FCA members give their all to more than just sports

By SHAYNE GOTTLOB Sportswriter

 

 College athletics today are on a much higher level then where it used to be as far as competition and commitment from athletes are concerned. 

Today’s college athletes are required to sacrifice many hours of their time each week for their sport in addition to carrying a full academic load. A combination of the two engulfs most hours of an athlete’s day, leaving little time for other activities, especially when the athletes are competing during their specific seasons. 

“During football season, it can get difficult … and challenging, but it’s a good challenge,” senior wide receiver Dominique Wright said. 

Much like other athletes, Wright has obligations to his team during the season such as watching film, lifting weights and receiving health treatments, all of which is in addition to practice and games. 

“During football season is the biggest challenge in trying to maintain relationships and my faith and school work,” Wright said. “All of that is the biggest challenge.” 

People often form a perception that athletes focus on their sports without much awareness of what else is going on around them on campus or in their community. 

For a number of athletes, this assumption may be true.
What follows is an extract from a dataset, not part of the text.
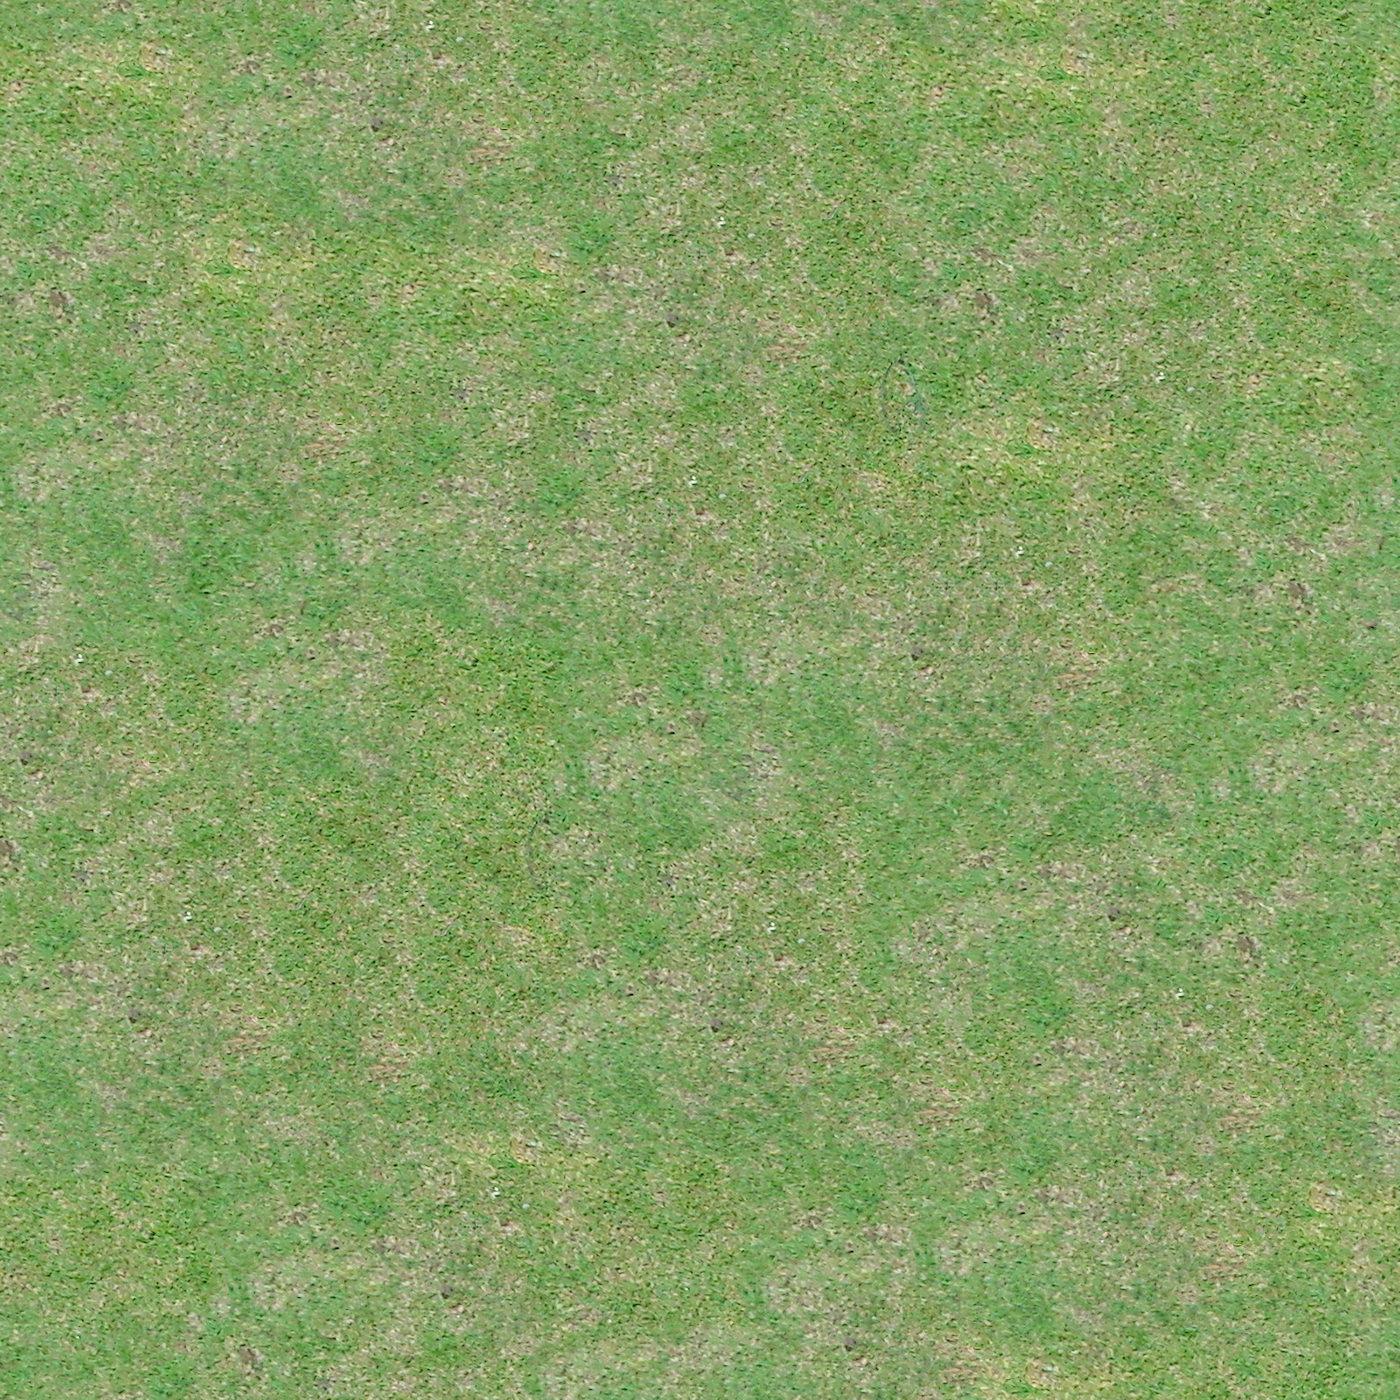 grass texture seamless Seamless texture grass textures lawn field wild ...

However, this concept does not accurately apply to the student-athletes at SDSU, especially for those athletes who actively participate in Fellowship of Christian Athletes. 

FCA is an organization that provides a two-way street for athletes. FCA allows athletes to grow in their Christian faith as well as bond with students in other sports, but the other aspect that athletes enjoy is the opportunities they are given to serve others. 

“Serving is definitively a huge part of FCA and it is one of the reasons why I love it, “ Wright 

 

 said. “With FCA and being able to serve, you kind of get out of your comfort zone. Serving others has definitely helped me out and is a huge part of my life.”

The Brookings Area FCA offers several opportunities for student-athletes to volunteer in sports camps, fundraisers, and even mission trips. Recently, 24 athletes in FCA offered their spring break to participate in one of the FCA’s most popular serving opportunities, which is a mission trip to Jamaica.

“To show how so many athletes here in South Dakota just have their faith so strong and are willing to help out and take away from their time to relax was an amazing thing to see,” assistant strength coach Jesse Rodriguez said. 

Serving in a foreign country over 2,000 miles from home during the only break some athletes receive all year shows how much SDSU athletes care about serving as well as how far they are willing to go to do it. 

“You would think that spring break would be a time where [athletes say] ‘Okay, I’ve been grueling, I’ve been grinding this whole entire year, it’s time for me to take a break’ … and just to be out there on their spring break serving other people, serving the Jamaicans out there was just an amazing thing,” Rodriguez added.

The opportunity to serve in another country was not just simply SDSU athletes giving their time and efforts either. Wright, one of the leaders of the trip, explained what he learned from the Jamaicans and discussed just how blessed and fortunate he feels to live in America. 

“There’s this guy named Stanley, and he’s one of my good friends in Jamaica. He walks around with a huge smile on his face with holes in his shirt and pants and wearing the same shoes that I saw him wear two years ago. Just seeing that puts everything into perspective,” Wright said. “You realize how grateful and blessed you truly are, because [the Jamaicans] don’t have anything, but they have everything because they have Christ.” 

The mission trip to Jamaica is an annual trip that the FCA members on campus have built into a tradition over the past few years, and it is a tradition that is expected to strive on.

However, no matter the location, FCA will always exist to serve, and it will be led by committed SDSU student-athletes who understand that they are not only called to compete in their sports, but to willingly give back their time to the communities that so faithfully support them. 

“Everybody that’s on a team or even at the collegiate level has been very gifted and blessed by God to have position to play college athletics,” Rodriguez said. … “To see people who are so busy with sports but are also giving that time in sports not for themselves but for glorifying God is a way that they go out their and use that platform.”